Want to share your content on R-bloggers? click here if you have a blog, or here if you don't.

Working with wide data is already hard enough, add to this row outliers and things can get murky fast.

Here is an example of an anlysis of a wide data set, 24 rows  x 84 columns.

Using imDEV, written in R, to calculate and visualize a principal components analysis (PCA) on this data set. We find that 7 components capture >80% of the variance in the data or X. We can  also clearly see that the first dimension, capturing 35% of the variance in X, is skewed towards one outlier,  larger black point in the plots in the lower left triangle of the figure below, representing PCA scores. In this plot representing the results from a PCA:

• Bottom left triangle  = PCA SCORES,  red and cyan ellipses display 2 groups, outlier is marked by a larger black point
• Diagonal = PCA Eigen values or variance in X explained by the component
• Top right triangle = PCA Loadings, representing linear combinations variable weights  to reconstruct Sample scores

In actuality the large variance in the outlier is due to a single value imputation used to back fill missing values in 40% of the columns (variable) for this row (sample).

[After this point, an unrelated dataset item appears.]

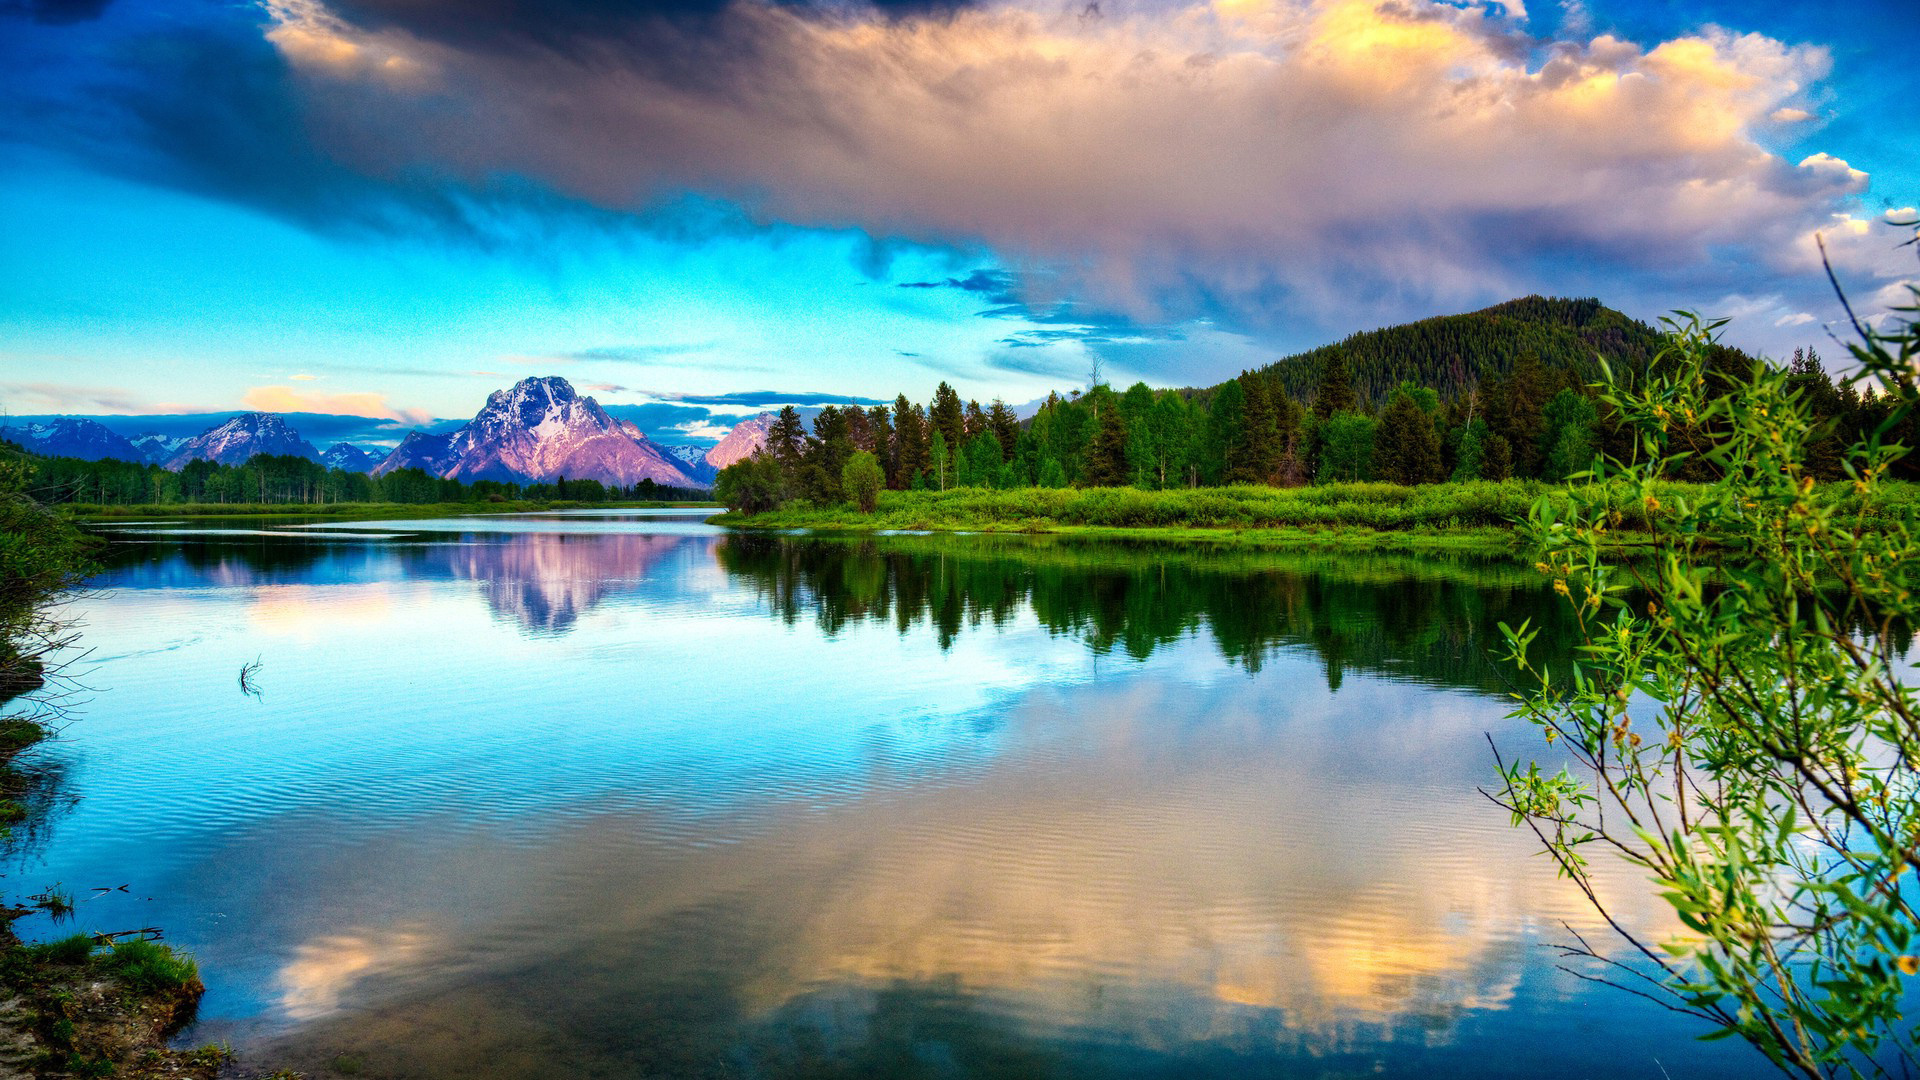 природа река горы облака набо nature river mountains clouds Noboa анонимно

Removing this sample (and another more moderate outlier) and using partial least squares projection to latent structures discriminant analysis or PLS-DA to generate a projection of  X which maximizes its covariance with Y which here is sample membership among the two groups noted by point  and ellipse color  (red = group 1, cyan = group 2). The PLS scores separation for the two groups is largely captured in the first latent variable (LV1, x-axis). However we can’t be sure that this separation is better than random chance. To test this we can generate permuted NULL models by using our original X data to discriminate between randomly permuted sample group assignments (Y). When doing the random assignments we can optionally conserve the proportion of cases in each group or maintain this at 1:1. Comparing our models (vertical hashed line) cross-validated fit to the training data , Q^2, to 100 randomly permuted models (TOP PANEL above, cyan distribution), we see that generally our “one” model is better fit than that achieved for the random data. Another interesting parameter is the comparison of our model’s root mean error of prediction, RMSEP, or out of sample error to the  permuted models’ (BOTTOM PANEL above, dark green distribution).

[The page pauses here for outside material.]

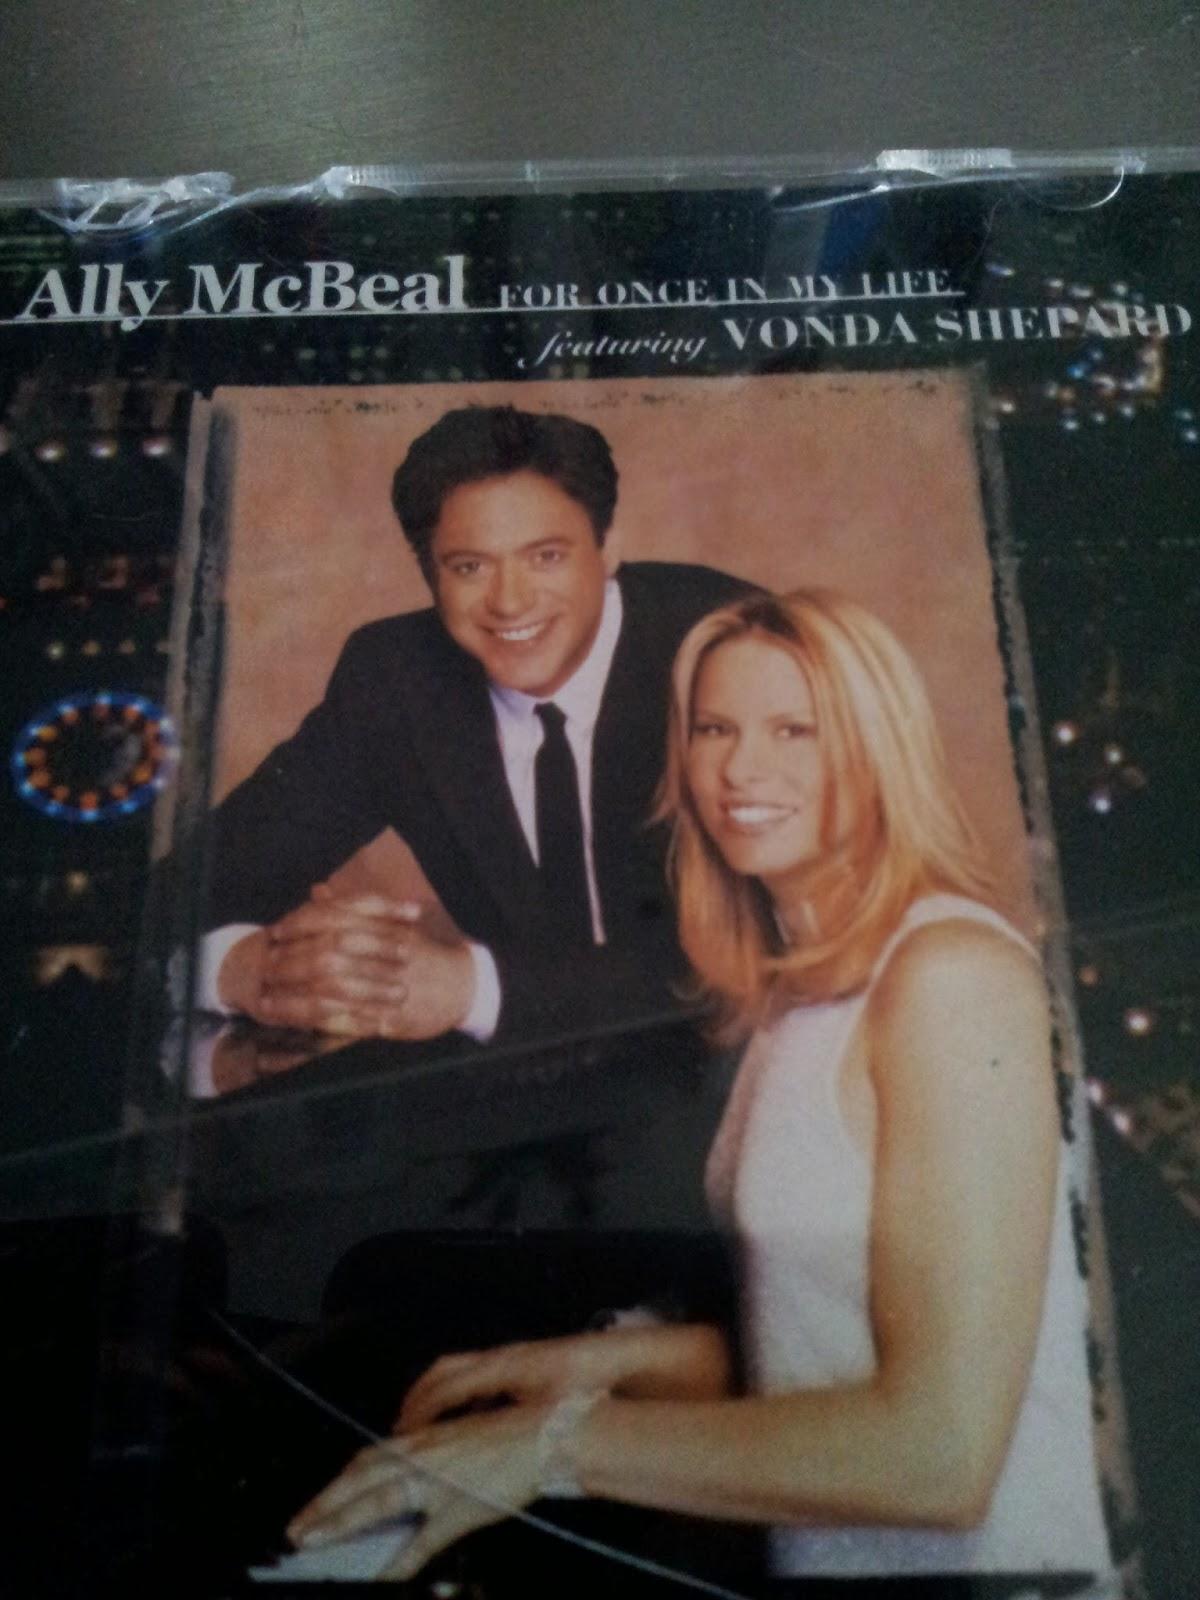 阿毛的生活日記本: Ally McBeal

To have more confidence in the assessment of our model we can conduct training and testing validations. We can do this by randomly splitting our original X data into 2/3 training and 1/3 test sets. By using the training data to fit the model, and then using this to predict group memberships for the test data we can get an idea of the model’s out of sample classification error, visualized below using an receiver operator characteristic curve (ROC, RIGHT PANEL). Wow this one model looks “perfect”, based on its assessment using one training/testing evaluation (ROC curve above). However it is important to repeat this procedure to evaluate its performance for other random splits of the data into training and test sets.

After permuting the samples training/test assignments 100 times; now we see that our original “one” model (cyan line in ROC curve in the TOP PANEL) was overly optimistic compared to the average performance of 100 models (green lines and distribution above). Now that we have more confidence in our models performance we can compare the distributions for its performance metrics to those we calculated for the permuted NULL models above. In the case of the “one” model we can use a single sample t-Test or for the “100″ model a two-sample t-Test to determine the probability of achieving a similar performance to our model by random chance. Now by looking at our models RMSEP compared to random chance (BOTTOM LEFT PANEL, out of sample error for our model, green, compared to random chance, yellow) we can be confident that our model is worth exploring further.

For example, we can now investigate the variables’ weights and loadings in the  PLS model to understand key differences in these parameters which are driving the above models discrimination  performance of our two groups of interest.